3. The argument that the wealthy world could feed the poorer nations is flawed. In the words of President Kenneth Kaunda of Zambia, "food aid simply fertilises famine." In other words, undermining local producers simply worsens the situation. The philosophy must be one of "giving a fishing rod, rather than a fish". What they need from the developed wealthy world is appropriate technology for their situation.

That is a view I have held since my days in Gorta, many years ago. I believe that in the developed world we have a moral obligation to develop the technology to enable them to help themselves. Failure to do so would be wilful neglect. To wilfully stop or obstruct such developments, for reasons that are not valid on health, safety, environmental, or ethical grounds, would, I believe, be a crime against future generations.

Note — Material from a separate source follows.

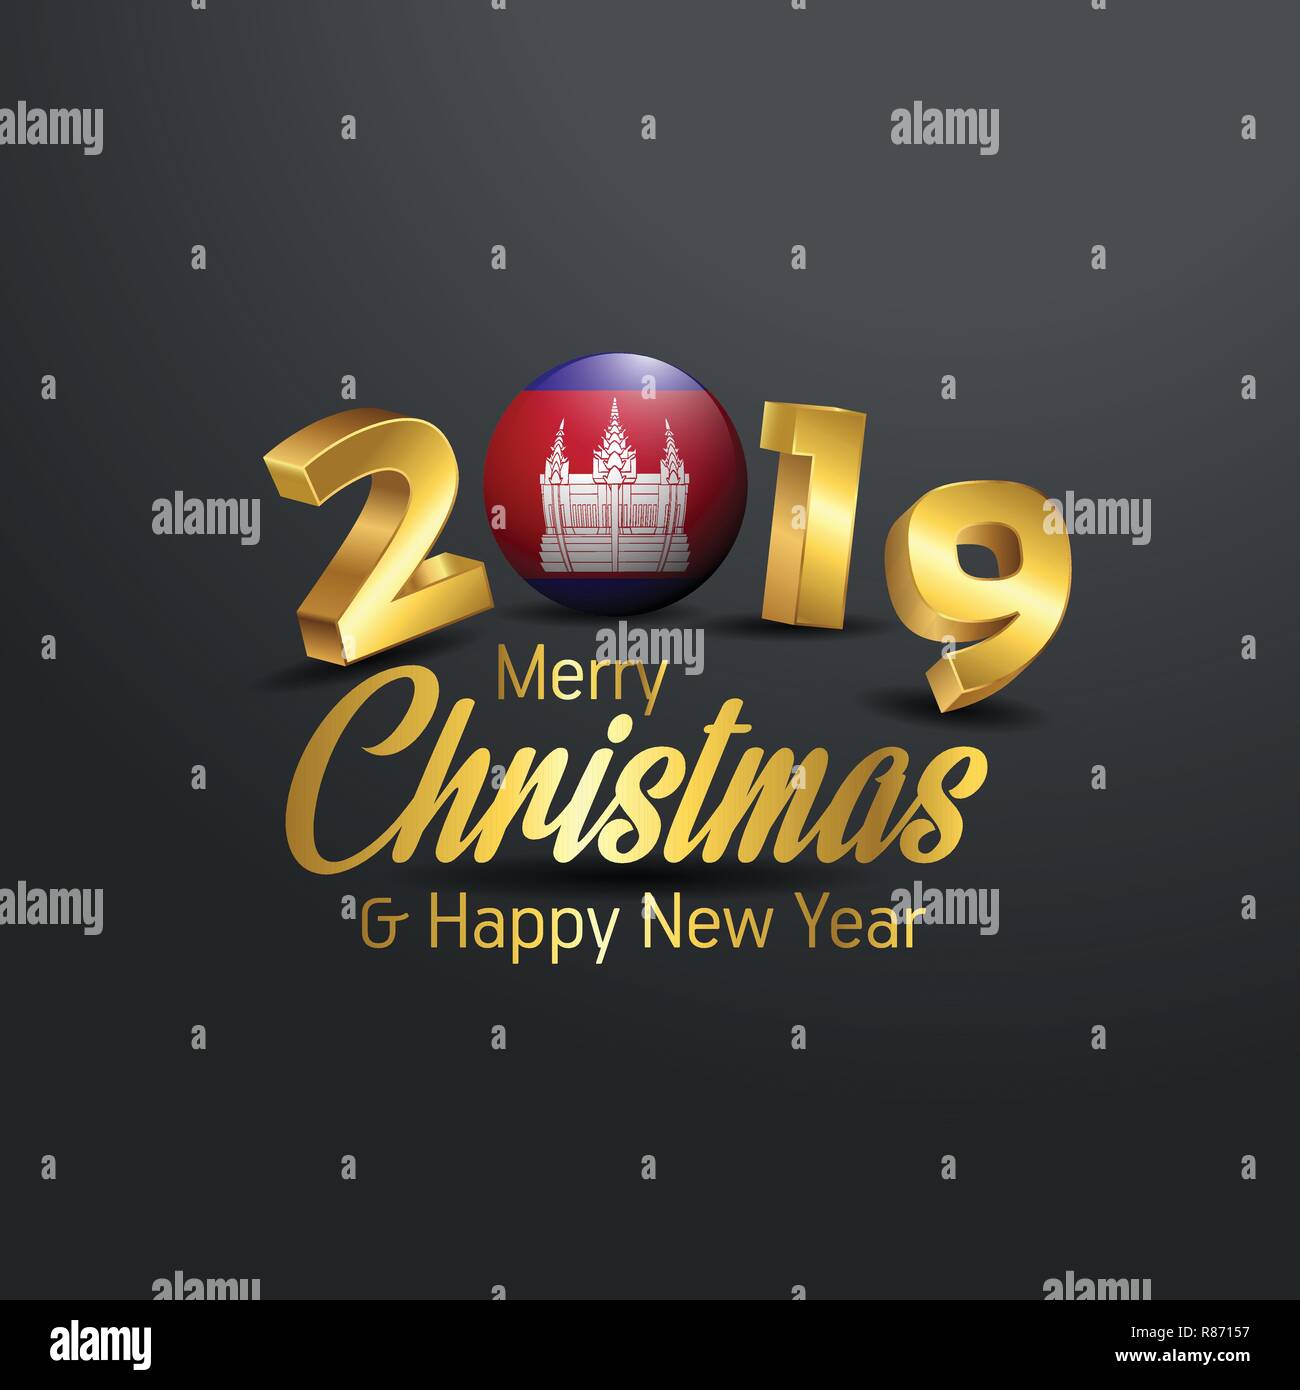 Cambodia Flag 2019 Merry Christmas Typography. New Year Abstract Celebration background Stock Vector
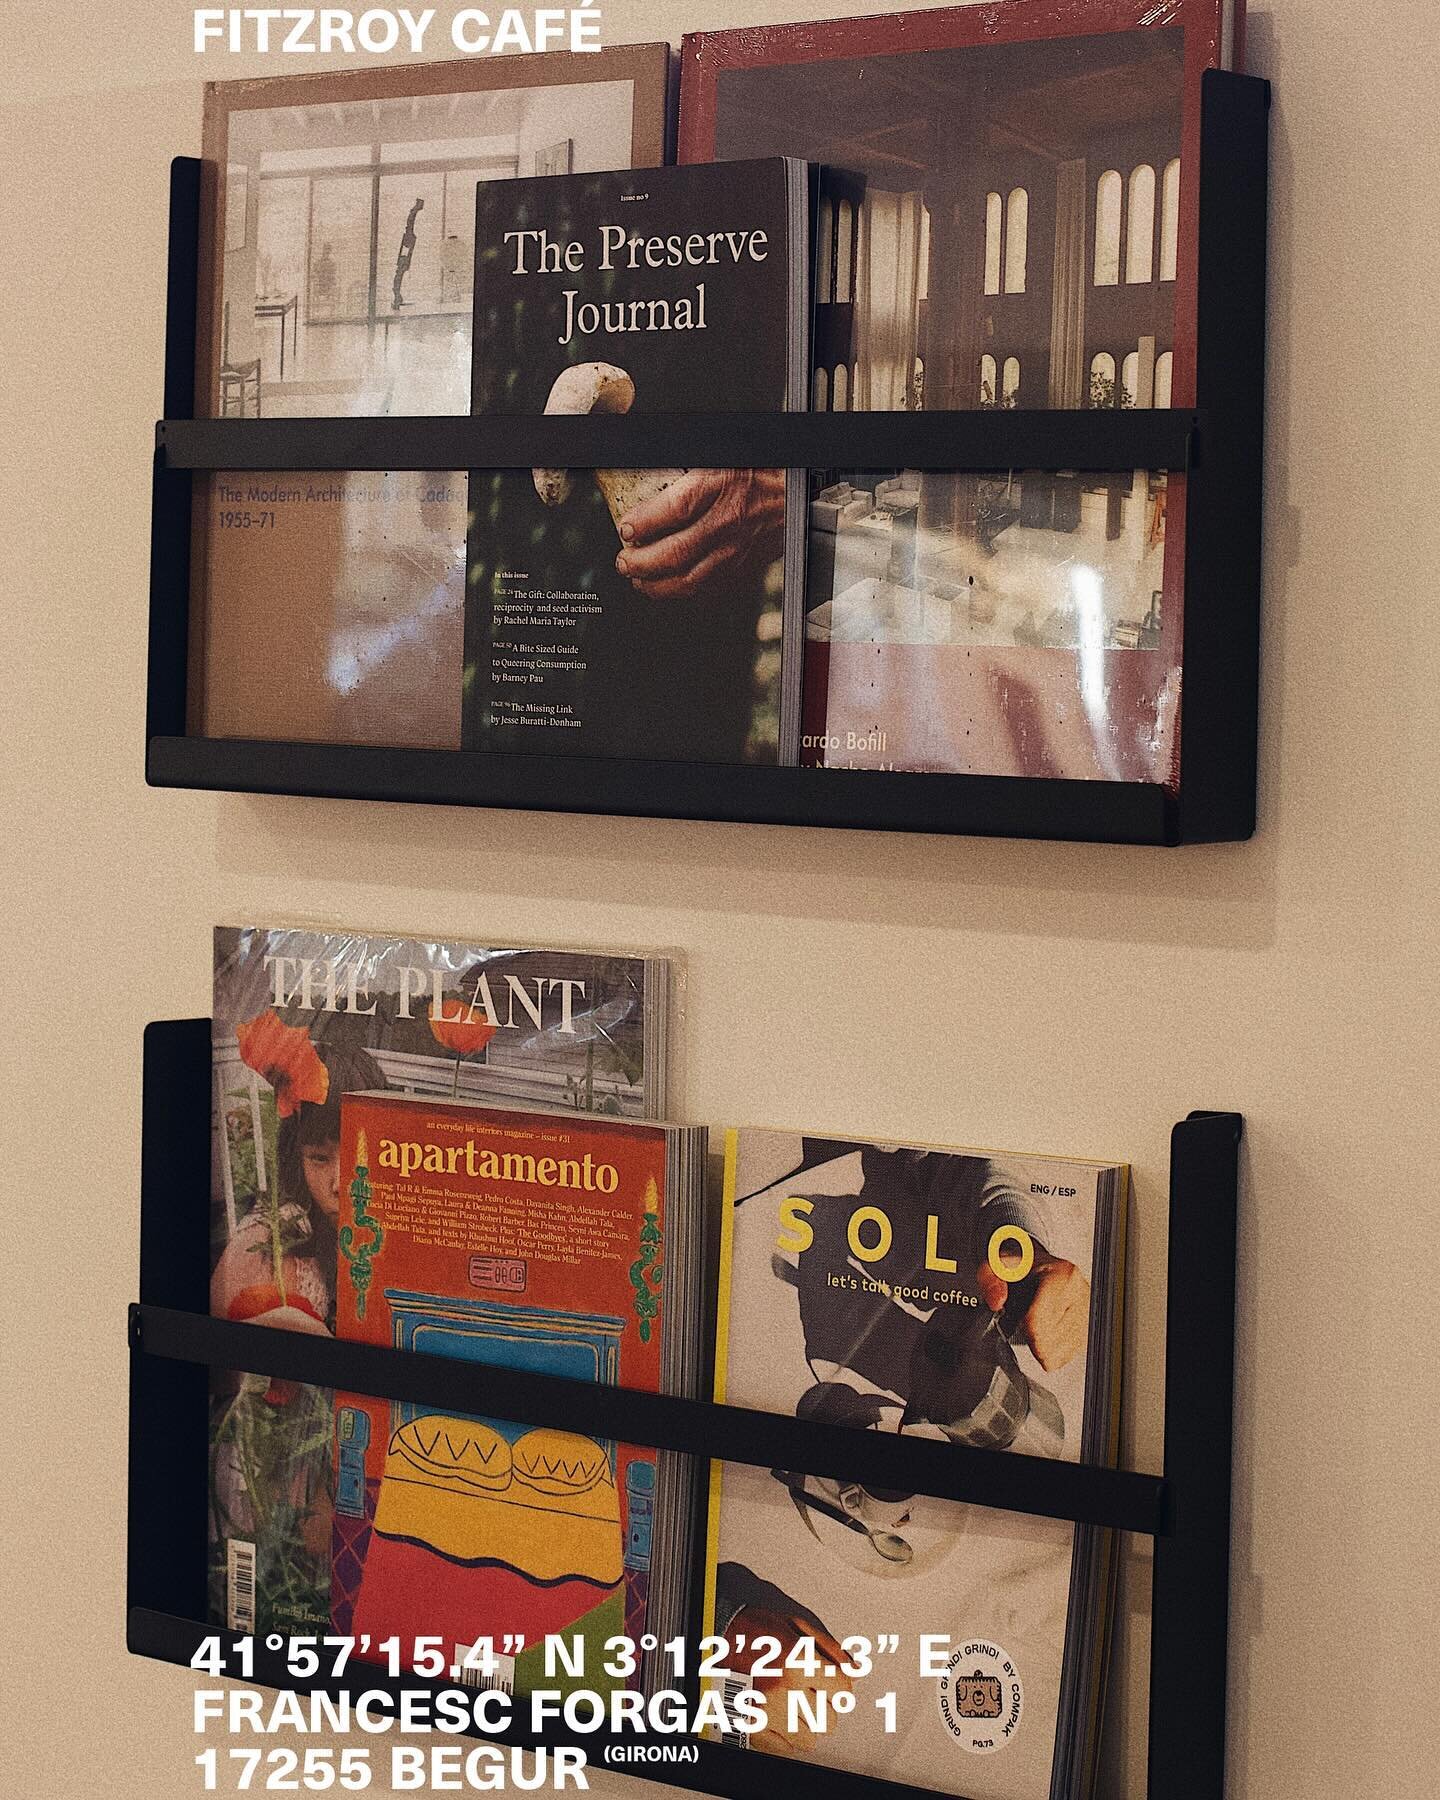 Make your breakfasts and meals at Fitzroy Café even more special! 📚 We now SELL magazines such as Apartment, Solo, The Preserve Journal, as well as architecture and design books.Add

4. The argument that Monsanto is only in it for profit and hence its research cannot be good for consumers is equally flawed. A company which is not in business to make a profit will not survive in business. As I look around me I can see that in the home, at work, at play, in hospitals, etc. the consumer uses and benefits from the research of private companies that developed, patented and produced products to make profits. Without these products we would be living and suffering like the poor of Africa, Asia and South America.

5. It is the function of national regulatory authorities to establish whether new products meet the criteria of safety, efficacy and purity before they are approved for use. It is the function of governments to ensure that consumers have choice and that they are not impoverished by monopolies.

Consumer safety can best be assured by a regulatory authority which is an autonomous scientific body, such as the FDA in the US, whose decisions cannot be overruled by politicians.

Science and technology can provide solutions for the alleviation of famine but governments must provide the environment (social and economic) to allow the solutions to be effective. - Yours, etc., Prof Tom Raftery

Agriculture Department,

University College Cork.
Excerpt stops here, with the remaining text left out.